Google's "Double Standard": Free Acquisition vs. Paid Competition
The report states that Google enjoys a unique advantage in acquiring AI training data. The company relies on an automated program called Googlebot to browse web pages and index them for its search engine, organizing all discovered content into Google's vast searchable index.
At the same time, Google uses the same program to provide training data for the models behind its Gemini chatbot and AI Overviews. This means that while other AI companies pay for high-quality data to train their AI, Google obtains these resources for free. The program used to index global information is also helping to train its AI systems.
Matthew Prince, CEO of Cloudflare, stated at Bloomberg's technology summit earlier this year: "Google is saying that we have a divine right to all the content in the world, even if we don't pay for it."
The situation is further complicated by the fact that users are now more reliant on AI summaries for information rather than clicking on links in search results, leading to a decline in traffic for website owners. This creates a dilemma:
Blocking Google's crawlers may result in a website not being indexed in regular search results, but allowing Google to use its content to train AI systems means losing the opportunity for compensation.
The report points out that worse still, Google disclosed in court earlier this year that due to organizational issues, even if a website opts out, Google will still use its content for AI training. Publishers are effectively held hostage: either accept their content being used for free or risk disappearing from search results.

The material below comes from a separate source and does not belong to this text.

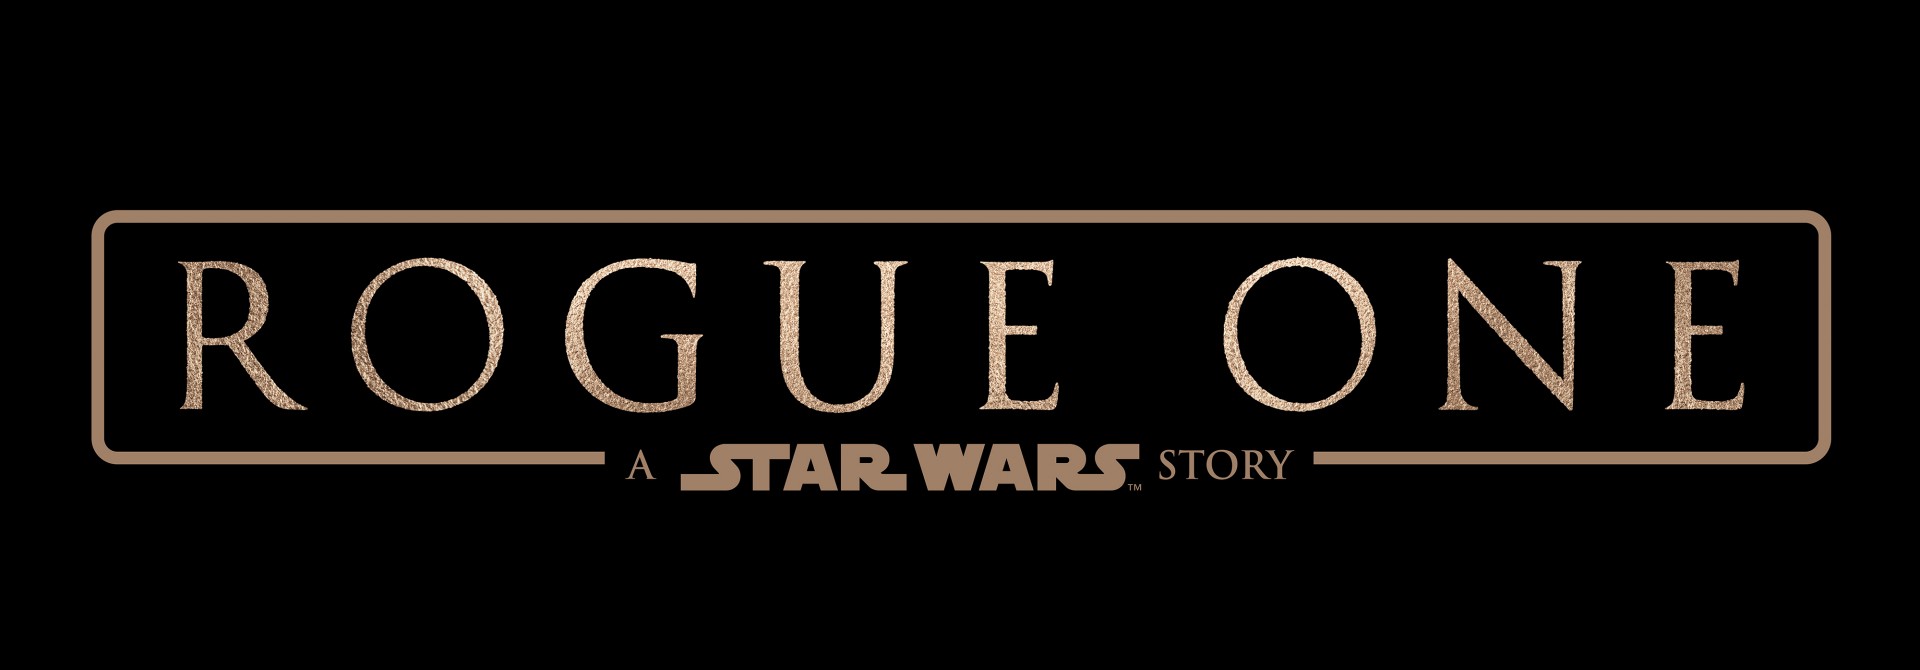 ยิปมัน โผล่! ในภาพแรกกลุ่มตัวละครจาก Star Wars: Rogue One

Regulatory Solutions Emerge: Mandatory Separation of Search and AI Crawlers
According to Bloomberg, Matthew Prince has been guiding European regulators towards a concise and elegant solution:
Force Google to use Googlebot solely for search and create a separate web crawler specifically for scraping content needed for AI Overviews. This way, publishers can correctly opt out or request compensation.

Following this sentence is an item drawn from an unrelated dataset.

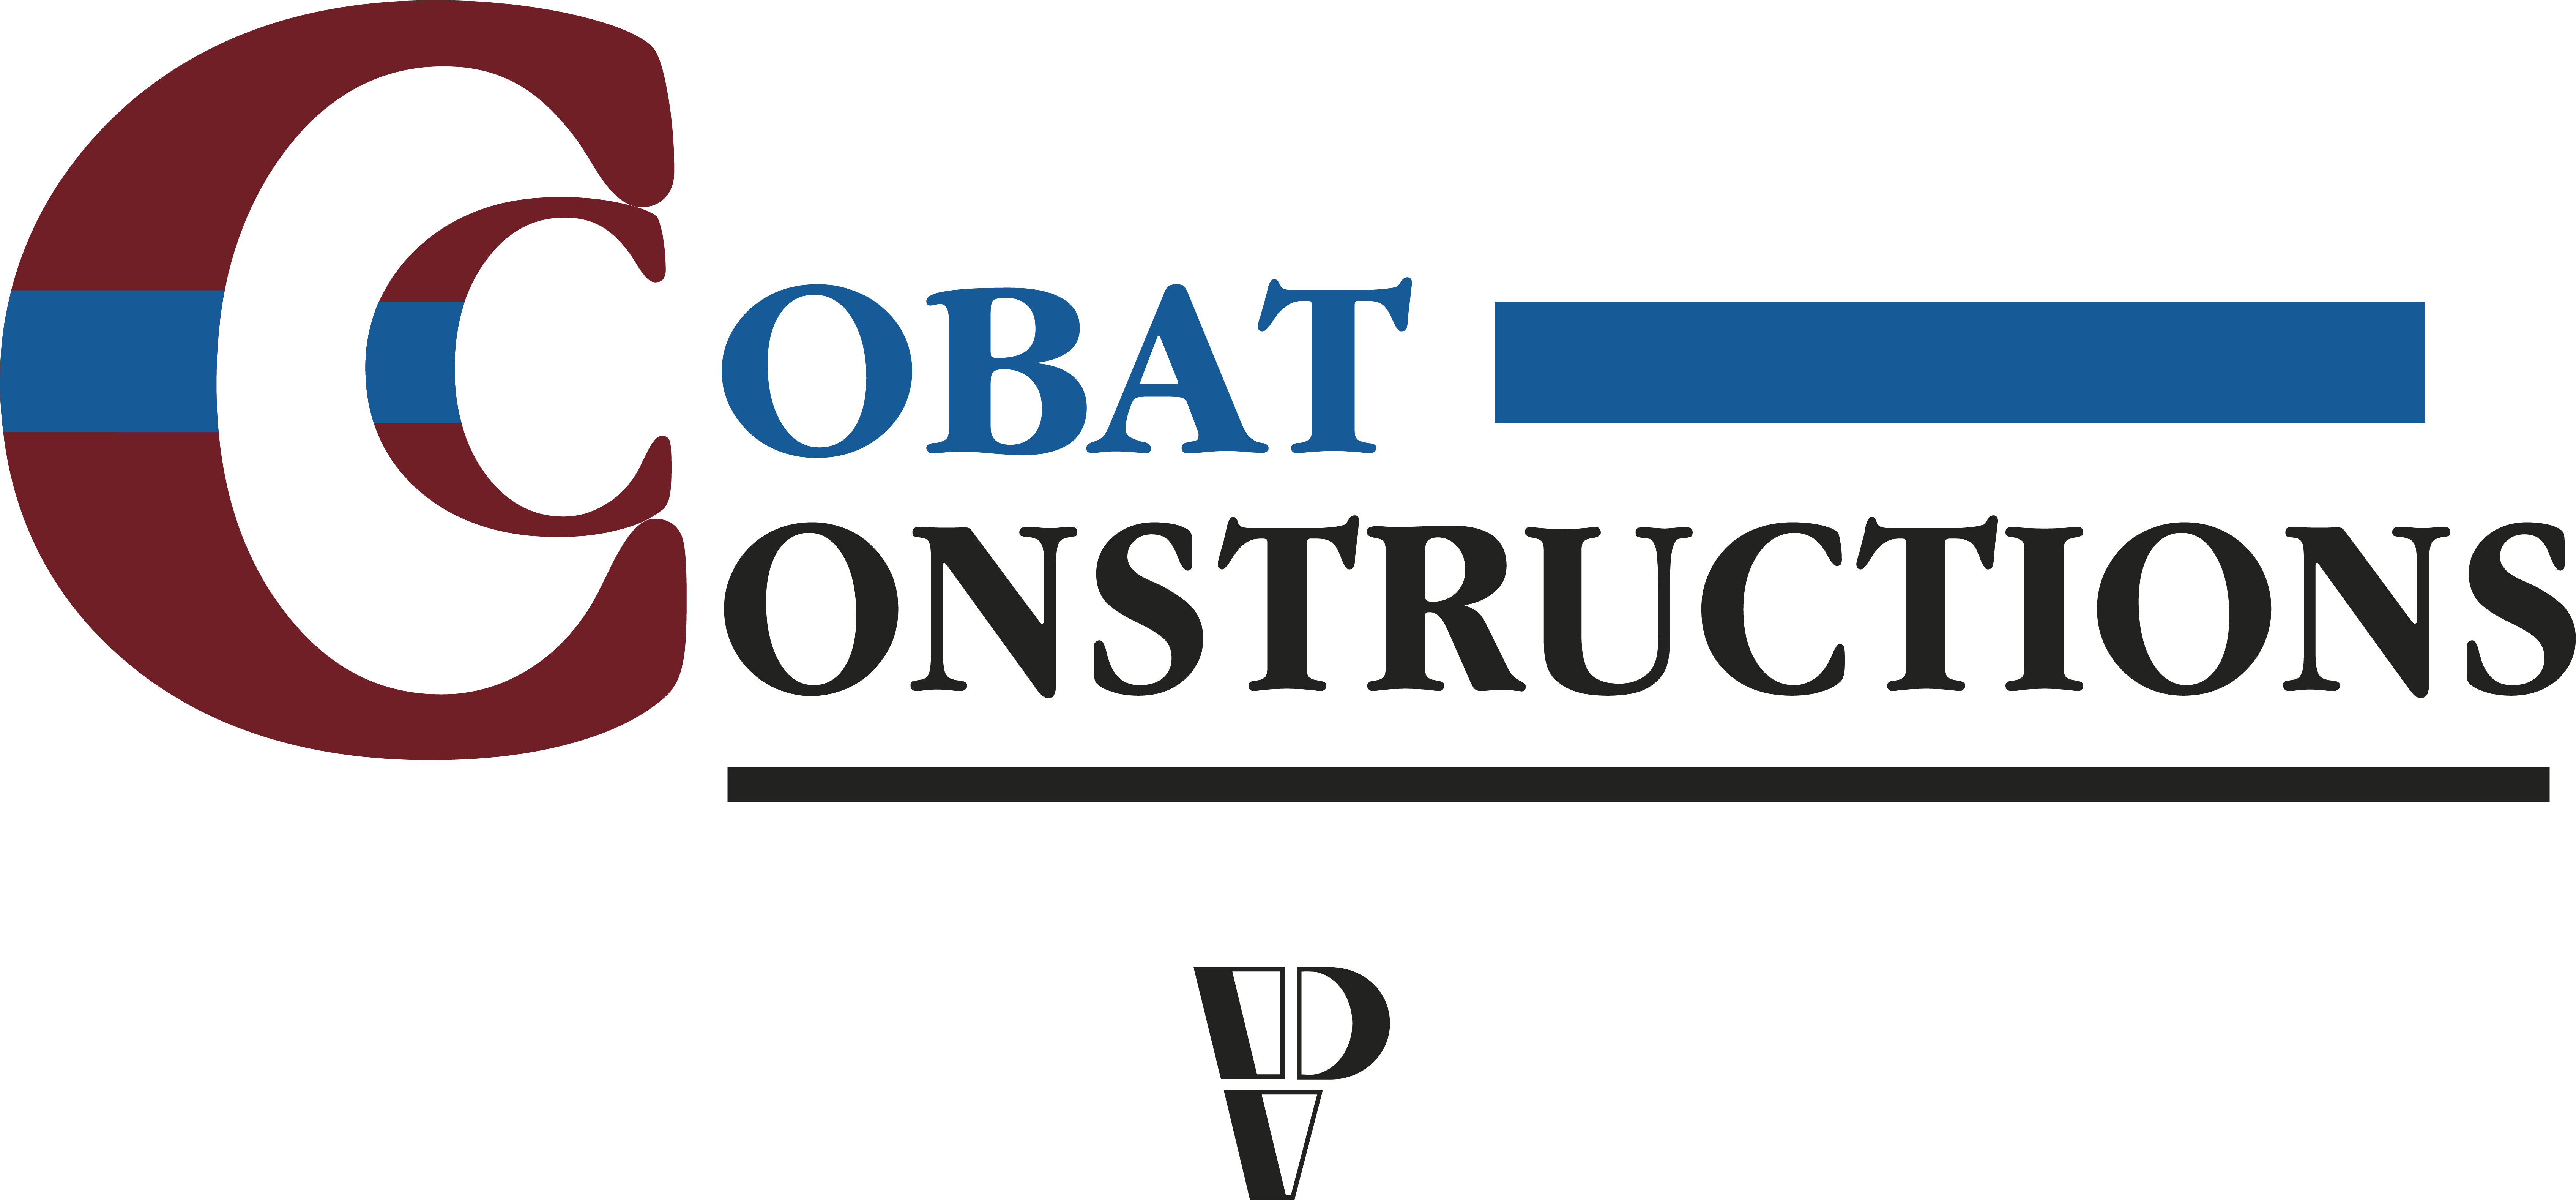 Cobat Constructions

From a technical perspective, Google engineers could easily build a crawler with different identifiers, allowing publishers to block it individually. However, Alphabet will resist any measures that force it to negotiate and pay for AI training content like other companies.
The logic behind this proposal is that if NVIDIA can charge for chips, engineers can charge for their time and intellect, then website publishers should also be able to charge for their content output.
The report points out that forced separation will create a fairer competitive environment, where all AI companies face the same cost structure for acquiring training data.
According to reports, Google claims that the EU investigation "could stifle market innovation that is more competitive than ever before." However, the reality is quite the opposite:
The AI boom should have driven a competitive market with hundreds of viable companies, just like the initial internet boom. But it is heading towards concentrating profits in the hands of existing giants like Google.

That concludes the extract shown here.